■ INFORMATION GIVEN:
═══
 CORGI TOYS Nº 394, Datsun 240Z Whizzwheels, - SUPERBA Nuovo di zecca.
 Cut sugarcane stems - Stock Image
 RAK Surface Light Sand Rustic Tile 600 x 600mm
═══
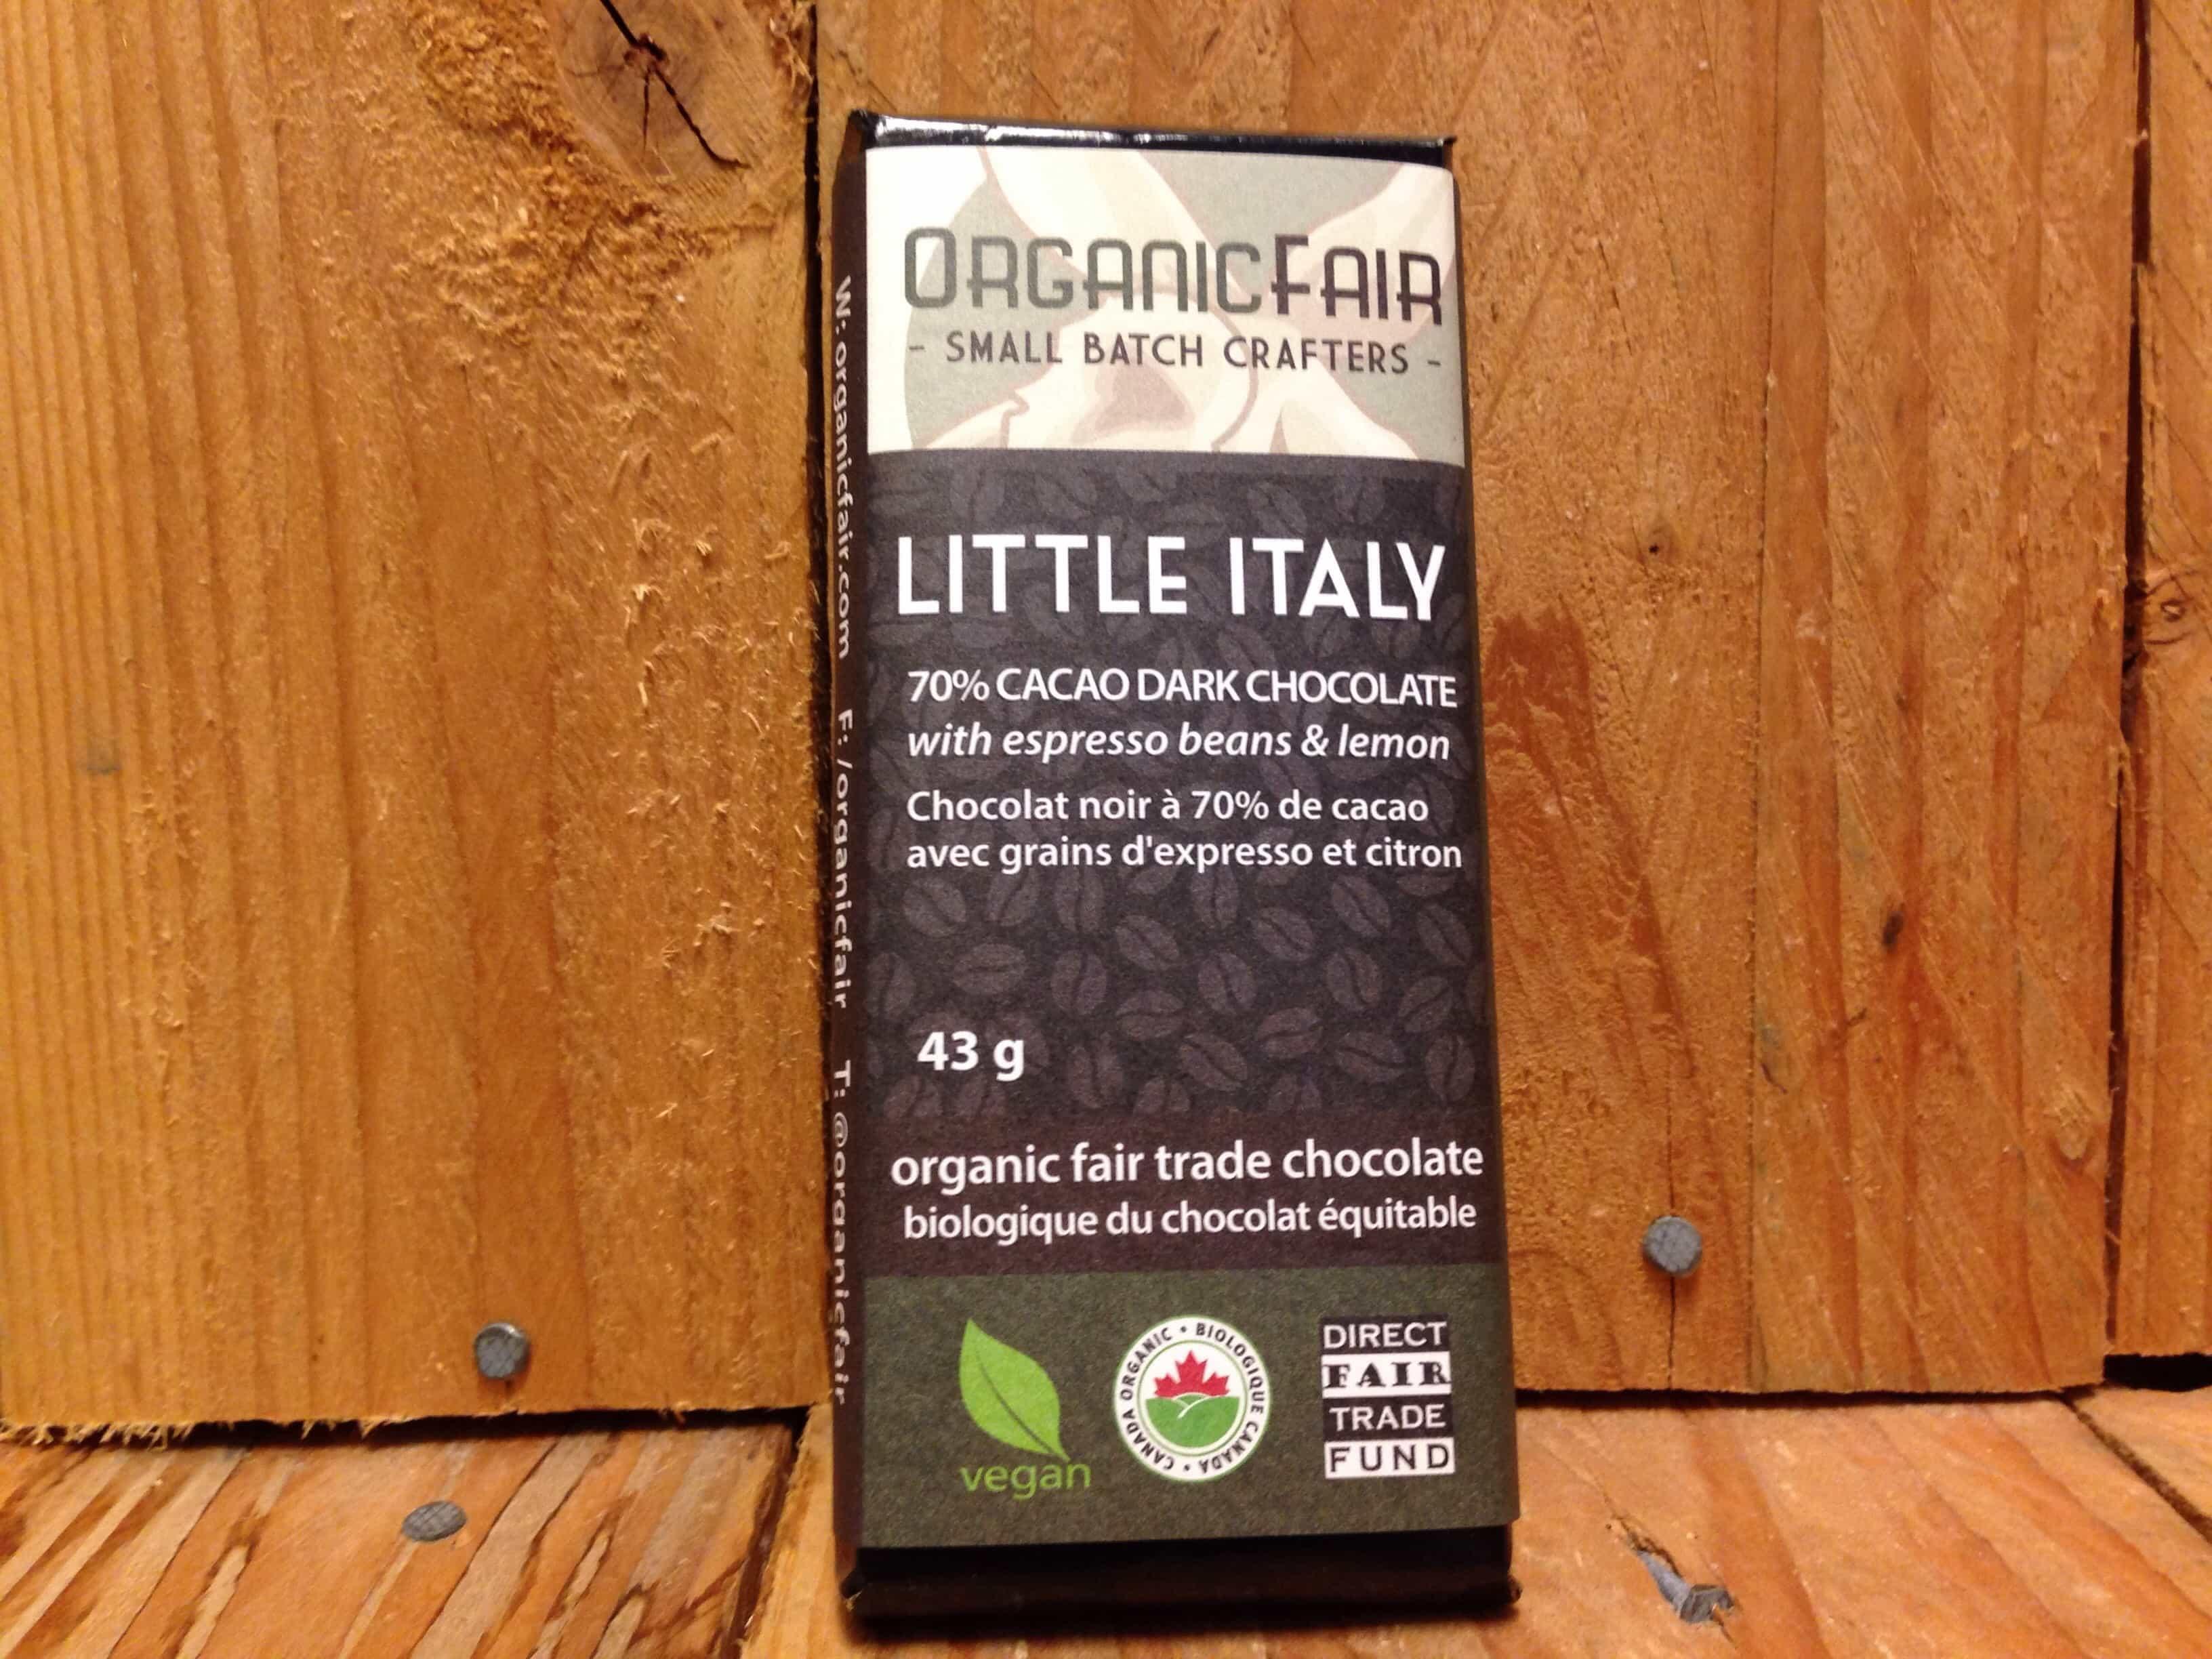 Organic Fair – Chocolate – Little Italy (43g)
═══
■ WHAT THE TASK REQUIRES:
The output should be exactly the lines above from the line containing "CORGI TOYS Nº" to the line containing "RAK Surface Light", inclusive, with no other lines.

■ FINAL ANSWER:
 CORGI TOYS Nº 394, Datsun 240Z Whizzwheels, - SUPERBA Nuovo di zecca.
 Cut sugarcane stems - Stock Image
 RAK Surface Light Sand Rustic Tile 600 x 600mm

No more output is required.